The futures market indicates that the 3-month yields implied in the future have the yield differential contracting from around 3.0% to 2.2%. This is still enough yield pick-up to justify hedging, but it usually means that the AUD will weaken.

Seasonal Factors
The AUD returns on a monthly basis in the chart below show that on average the AUD tends to rally in the last quarter and in January. September is usually a negative month. There is some justification for a rally in December and January as imports are usually down for these months. The chart shows a strong performance of the AUD in November and December for the last five years, ten years and the period since 1990.

Conclusion
Where does this leave positioning in the AUD?

For passive strategies, the interest rate differentials make it still attractive to hedge.

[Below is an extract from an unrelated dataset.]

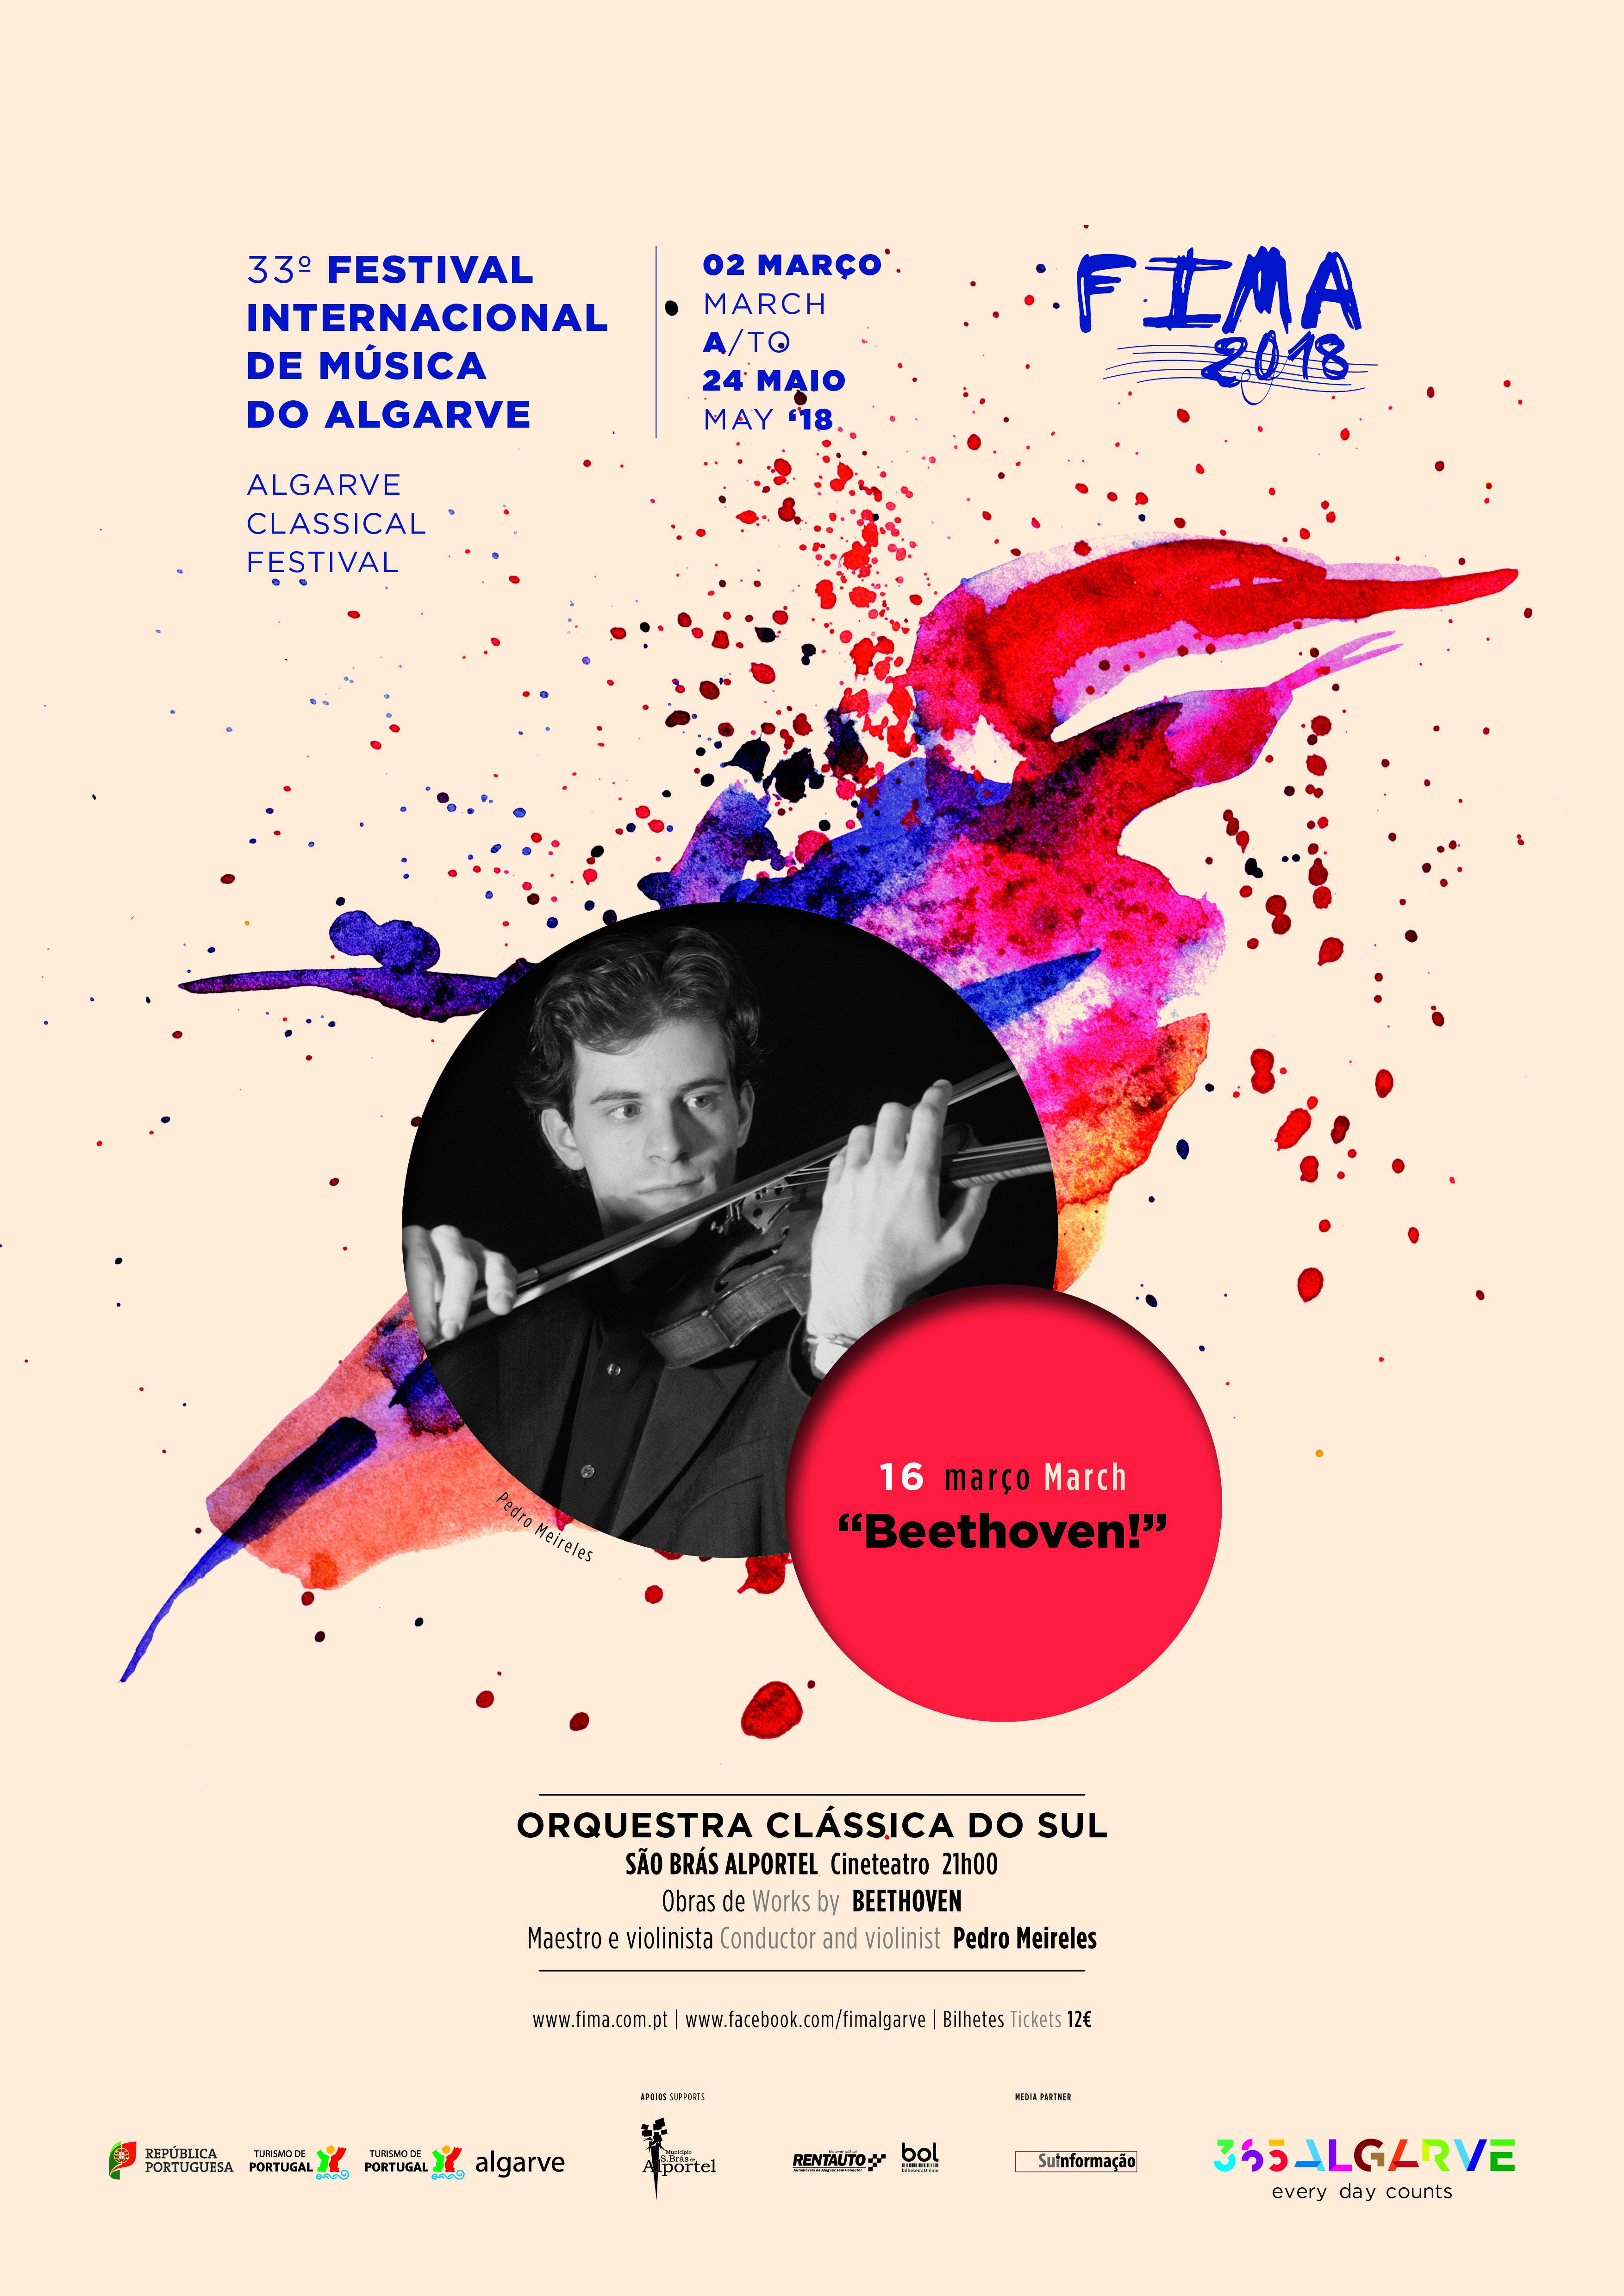 cartaz FIMA 2018 - concerto beethoven

Investors are being paid 3.25% currently and this is expected to continue to be above 2.5% for the next year to hedge their USD exposure back into AUD.

For strategic or active hedging, the trend measures seem to indicate a new uptrend has emerged. The resilience of the Australian economy seems to have been more convincing than the stop start nature of the US economic recovery. These types of turning points in trends have lasted for six to twelve months in the past. The break out from the recent range of the AUD makes it easier to be comfortable with the emergence of a new trend and to consider setting long-term positions to profit from it.

The forward interest rate differentials are starting to favour the USD as the market believes the tightening cycle in the US will continue over the next year. The Australian interest rate cycle appears to have at least one more rate increase built in and then the tightening cycle looks to be complete. This should favour being overweight the USD and underweight the AUD, but this likely will only be a compelling trade when the Australian yield curve is flat and the expectation of future interest rate increases have disappeared.

The seasonal nature of AUD returns could support a rally into the end of 2004. The setting of a firm base for the currency in October puts the AUD in a position to rally.

This material is for your private information. The views expressed in this commentary are the views of Lawrence Dryden through the period ended November 10, 2004 and are subject to change based on market and other conditions. The opinions expressed may differ from those of other SSgA investment groups that use different investment philosophies. The information we provide does not constitute investment advice and it should not be relied on as such. It should not be considered a solicitation to buy or an offer to sell a security. It does not take into account any investor's particular investment objectives, strategies, tax status or investment horizon. We encourage you to consult your tax or financial advisor. All material has been obtained from sources believed to be reliable, but its accuracy is not guaranteed. There is no representation nor warranty as to the current accuracy of, nor liability for, decisions based on such information. Past performance is no guarantee of future results.